Developing solutions to contact thermometry challenges
Contact thermometry is temperature measurement using sensors in contact with the medium to be measured. Although contact thermometry techniques, using either resistance thermometers (PRTs), thermistors or thermocouples, may appear to be well established, there is a constant need to improve the technology. Ongoing research is needed to reach wider temperature ranges and operate with confidence under increasingly harsh conditions. We also use thermal modelling to improve our understanding.
Amongst other things, NPL is developing new measurement techniques, such as in-situ measurement validation and improving upon existing technology to meet increasingly demanding industrial requirements. These include making impurity corrections for temperature fixed points and assessing thermoelectric inhomogeneity for thermocouples.
There is an online community forum focused on thermocouples on LinkedIn to share developments and needs, and NPL hosts regular meetings.
In-situ measurement validation
When temperature sensors are used, over time the measured temperature often drifts unpredictably away from the original calibration. This is usually due to unavoidable degradation and means that the sensors need to be removed and either recalibrated or replaced.
To avoid this problem, we are developing in-situ validation techniques suitable for a variety of industries and environments. This is typically achieved through embedding a material which has a known, and unchanging, melting temperature. These developments are underpinned and optimised by thermal and thermodynamic modelling.

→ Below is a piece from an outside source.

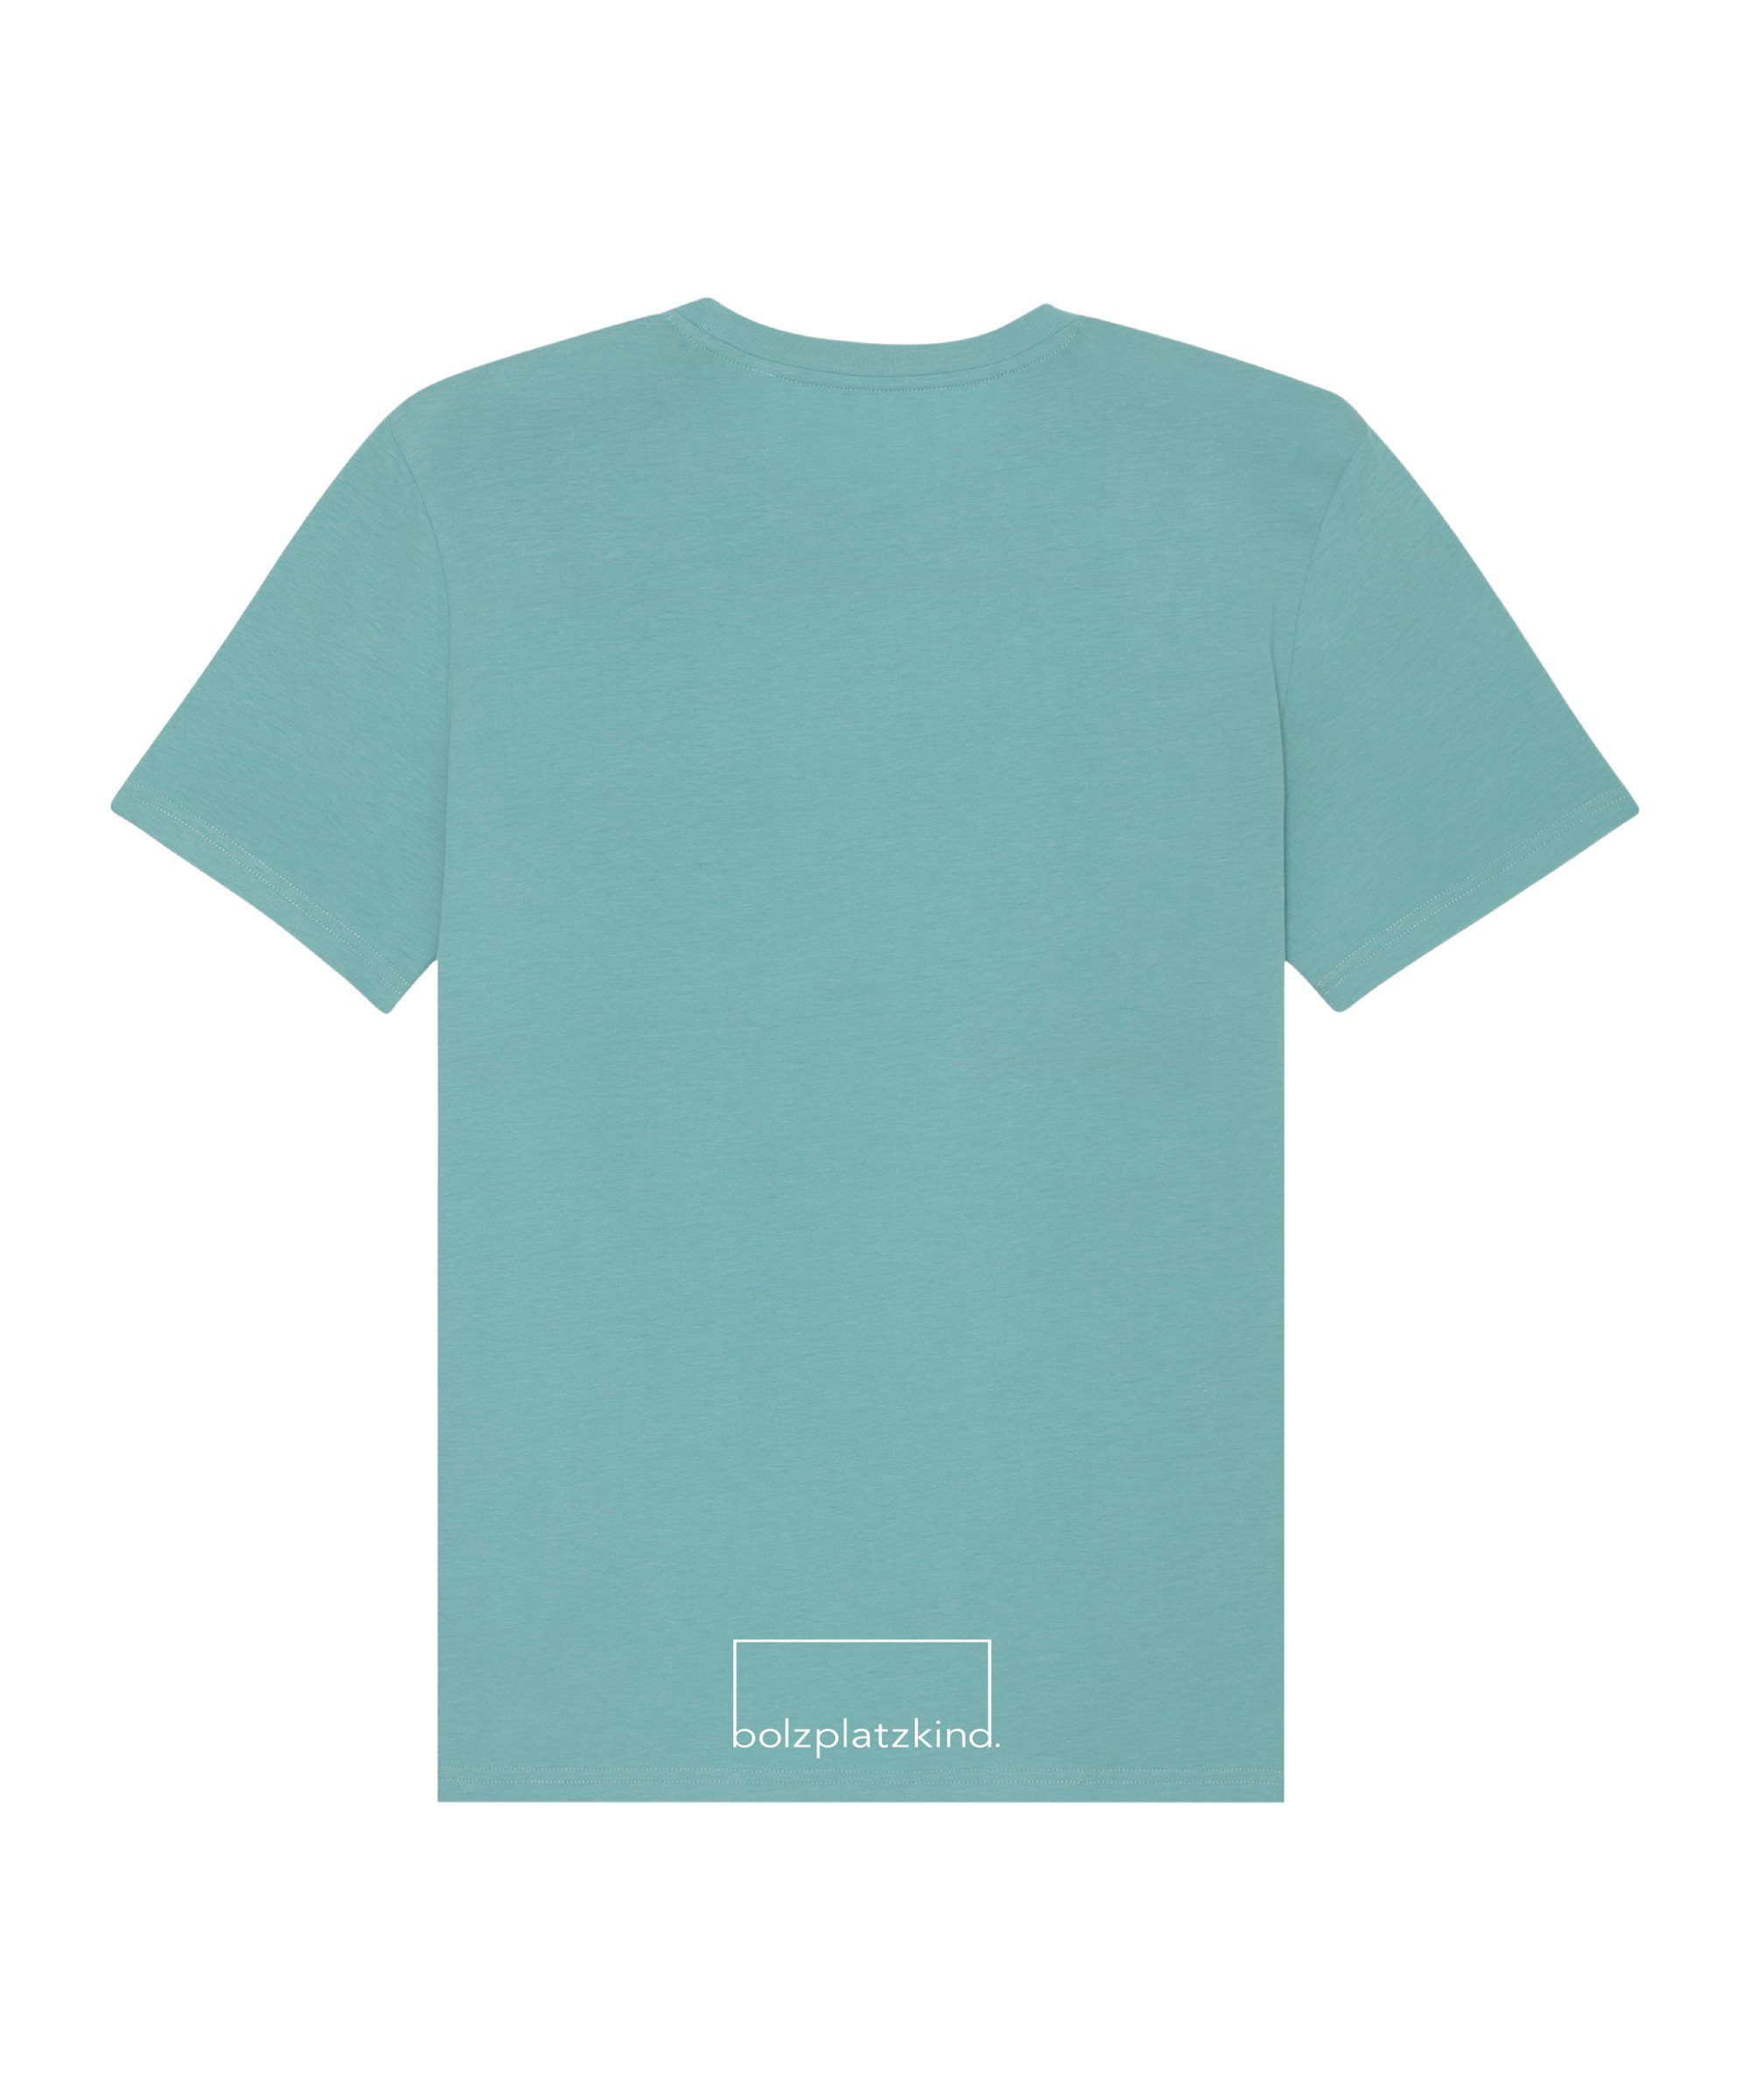 Nachhaltiges "Line-Up" T-Shirt Produkt Bolzplatzkind tuerkis T-Shirt

The first technology, in-situ self-validation ('inseva') fits within a 7 mm outer diameter thermocouple sheath and has been proven in industrial environments over six months. This technology has now been licenced to CCPI Europe and NPL is continuing to support the commercialisation.
The second technology is a validation unit for use with satellite radiometers in space. This is based on the same basic concept, but must be as small and light as possible. This is being developed in collaboration with RAL-Space.
The conventional technique of calibrating SPRTs in highly-accurate 'fixed-point' cells, which contain an ingot of a very pure element with a known melting or freezing temperature, is very reliable. But as the demands for better calibration uncertainty grow, it is important to improve the technique.
We are studying the effect of impurities at the level of parts per million on the performance of the cell, in order to be able to understand the effect they have on the freezing temperature and hence the calibration.
Thermocouple inhomogeneity scanning
NPL is in collaboration with the Measurement Standards Laboratory of New Zealand (MSL) to develop a technique for scanning thermocouples to measure the thermoelectric inhomogeneity along their length. This is an important factor in thermocouple uncertainty budgets, but the changes with time are not yet well understood as they vary with dimensions and exposure to both temperature and contaminants.